Wednesday, May 23, 2012

Extremism works against reason

I read an article today in Scientific American about how a couple of studies that say we have already passed the tipping point in climate change. These studies claim we will see a catastrophic collapse in the world environment resulting in massive changes after 2050. They say we can expect to see the world population climb to about 8 billion people by 2040 only to see it drop to about 4 billion by 2100. The interesting thing about these studies is that the various factors they track appear to be moving in synch with the model predictions.  They reach their conclusions via different paths, but they both reach the same basic conclusion: We are in for trouble.

Well, maybe.

One of the things non-scientists miss is that scientifically valid studies come with error bars. This is the same as the plus or minus claim you see on political polls. The number quoted is the mid-range, but it could be anywhere between the plus or minus amount. I can throw a dart at a dart board and say that it hit the bulls eye, plus or minus the radius of the dart board and that would cover anything that actually managed to hit the board. But, people tend to focus on the quoted number, not the range.

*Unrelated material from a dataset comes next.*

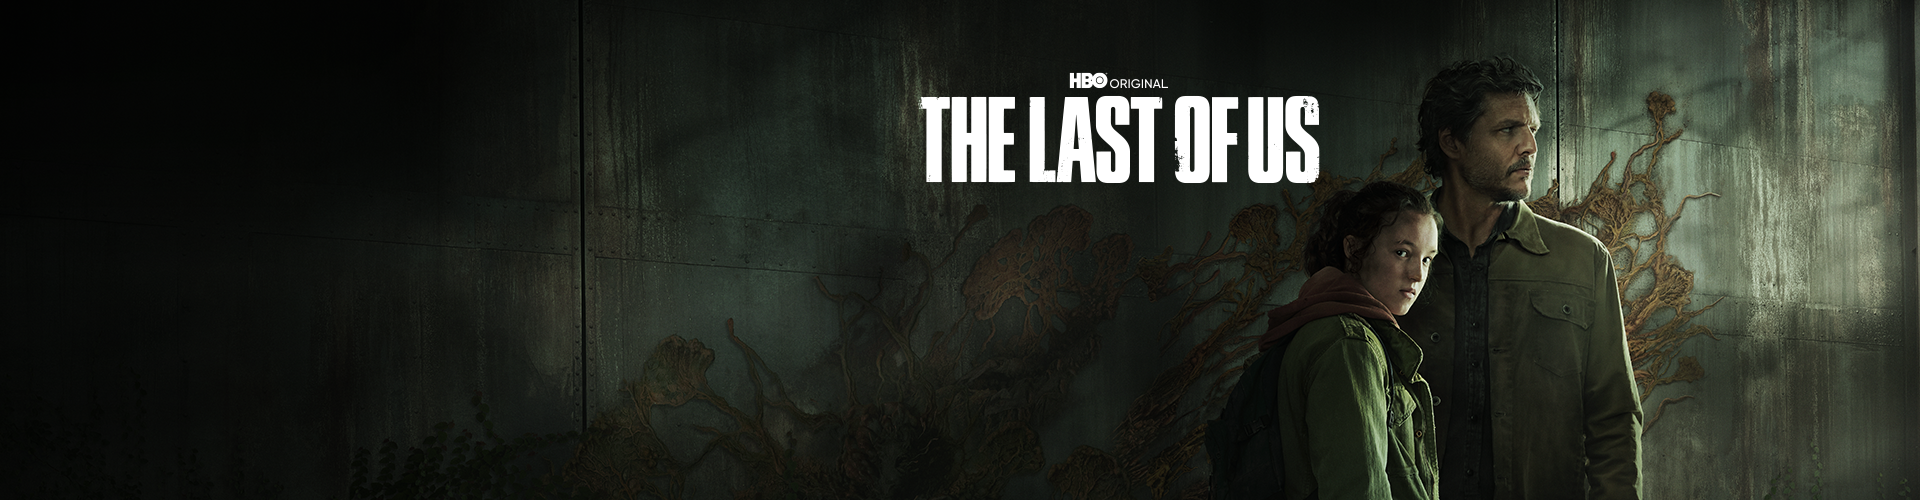 Grafika promocyjna do serialu The Last of Us

If we look at the scientific forecasts about what is going to happen we see there are the ones that say there will be little change all the way to the ones that say there is no hope. The truth is, the reality will probably be somewhere in between. It is true that the extremes have a chance of being right, but there are many other options and they all have a chance of being correct, too. 

I believe we are in for some profound changes in our lives in decades to come. I hesitate to accept the premise that there is going to be a catastrophe and that billions of people will die. There are many reasons, but let me point on just one. The author of one of the studies stated that "Whereas in 1972 humans were using 85 percent of the regenerative capacity of the biosphere to support economic activities such as growing food, producing goods and assimilating pollutants, the figure is now at 150 percent—and growing." But, another study says carbon sinks have not reached capacity and instead keep growing in their capacity to absorb carbon dioxide in the atmosphere.The two values are not identical, but they would be related. This causes a question in my mind about the validity of the conclusion of the doomsday scenario.

And, this is a real problem because I'm not the only one that thinks that way. The difference is that when I question the validity of this study I do not automatically reject other studies and dismiss global climate change in its entirety. Other people will do just that. They will point at this study, conclude that it is wrong and then reach the conclusion that all other climate change predictions are also wrong. This is a hard argument to deal with because there is some truth to it, namely, the extremist predictions are probably not correct. But, it is a false argument to say that just because you find fault with the one study, therefore all other studies are equally at fault.

That is where we are in many of the public debates. In that regard, extremist claims like this just do not make the work easier.

So, please, if you find fault with one study do not judge every other study by that standard. Just like the political polls, the truth is probably somewhere in between.